Subsequently, further research concentrated on understanding the underlying molecular cause(s) and epigenetic regulation of mantling. It was also known that in Mantled oil palms, staminodes and stamens of pistillate and functional flowers develop respectively as pseudocarpels (Morcillo et al., 2006). In severe cases, the flowers are sterile with abortive fruits leading to lower yields. It was postulated that since homeotic modifications had taken place, it was highly likely that the B-function homeotic MADS box genes of the ABCDE model for flower organ identity (Murai, 2013) are involved.
Following the MADS box hypothesis, MADS-box containing genes from the oil palm were isolated (Alwee et al., 2006; Auyong, 2006) using the MADS box-directed profiling technique (van der Linden et al. 2002). This method allows the visualization of DNA polymorphisms in restriction sites at the MADS box vicinity among normal, abnormal and reverted oil palms. Two markers, namely MM77 and MM78 (EP Patent Appl. No. 13162130.2) were identified and the latter was widely used for further validation although it was found not to fall in the class of MADS box genes. In the course of validating MM78 and from past experiences with other unrelated markers, it was confirmed that the functional use of these markers is genotype dependent. Therefore, they have little or no use when tested on clones from other genetic backgrounds. This has been the main point of contention in biomarker development for clonal fidelity of the oil palm.

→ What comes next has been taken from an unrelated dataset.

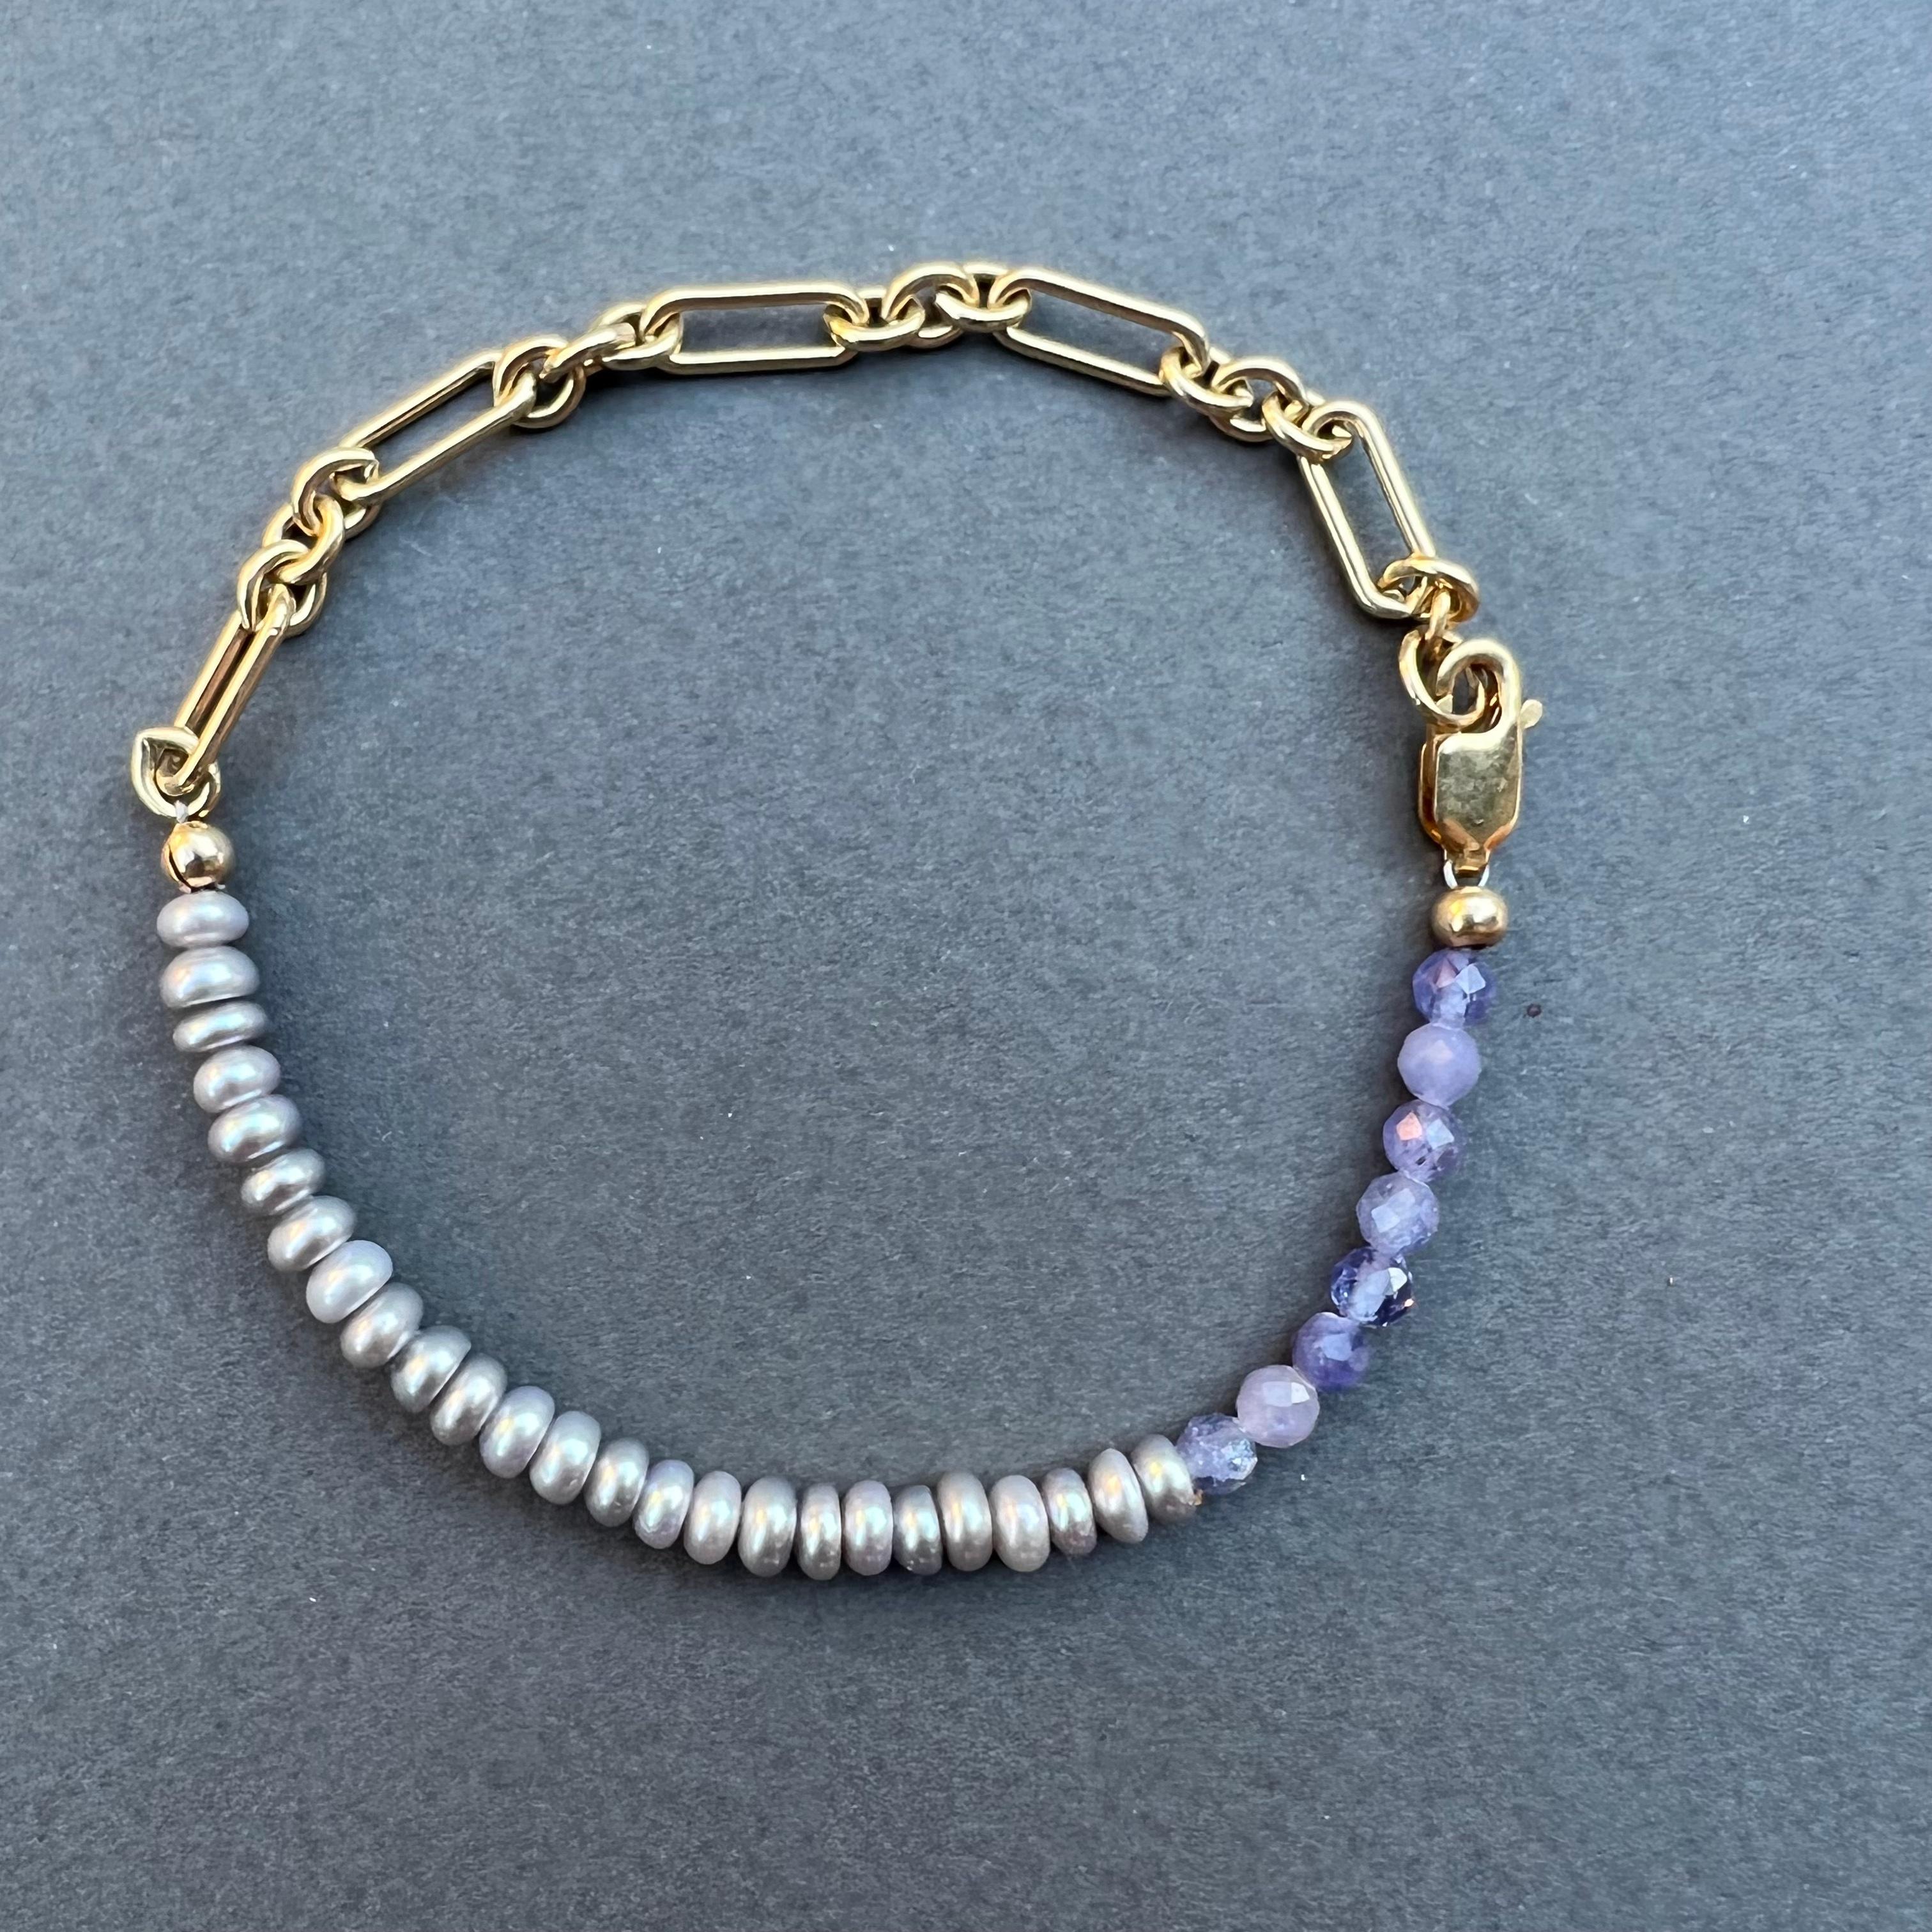 Pearl Tanzanite Ankle Bracelet Beaded Gold Filled Chain J Dauphin
can also be used as a bracelet as chain is adjustable

Previous studies have found an overall decrease in DNA methylation in mantled palms relative to ortets and normal ramets (Jaligot et al. 2000; Matthes et al. 2001; Jaligot et al. 2002; Jaligot et al. 2004). These results are similar to observations in Arabidopsis and other plant cell cultures, in which transposable elements (TEs) are hypomethylated and expressed (Tanurdzic et al. 2008; Miguel et al. 2011; Castilho et al. 2000; Kubis et al. 2003). In addition to TEs, somaclonal regenerants in rice and maize undergo extensive gene and promoter hypomethylation (Stroud et al. 2013; Stelpflug et al. 2014), which might also contribute to somaclonal variation in oil palm and other crops. The homeotic transformations observed in mantled palms resemble defects in B-function MADS box genes, suggesting that retroelements within one or more MADS box genes, or the MADS box genes themselves are candidates for epigenetic modification (Adam et al. 2005). However, decades of research into DNA methylation changes in candidate retroelements (Castilho et al. 2000; Kubis et al. 2003; Jaligot et al. 2014) and candidate homeotic genes (Syed Alwee et al. 2006; Adam et al. 2007; Jaligot et al. 2014) have yet to identify epigenetic changes that are consistently found in somaclonal mantled palms. And indeed, recent studies of rice and Arabidopsis plants regenerated from tissue culture implicate genetic rather than epigenetic mechanisms as being responsible for somaclonal variation (Jiang et al. 2011; Miyao et al. 2012.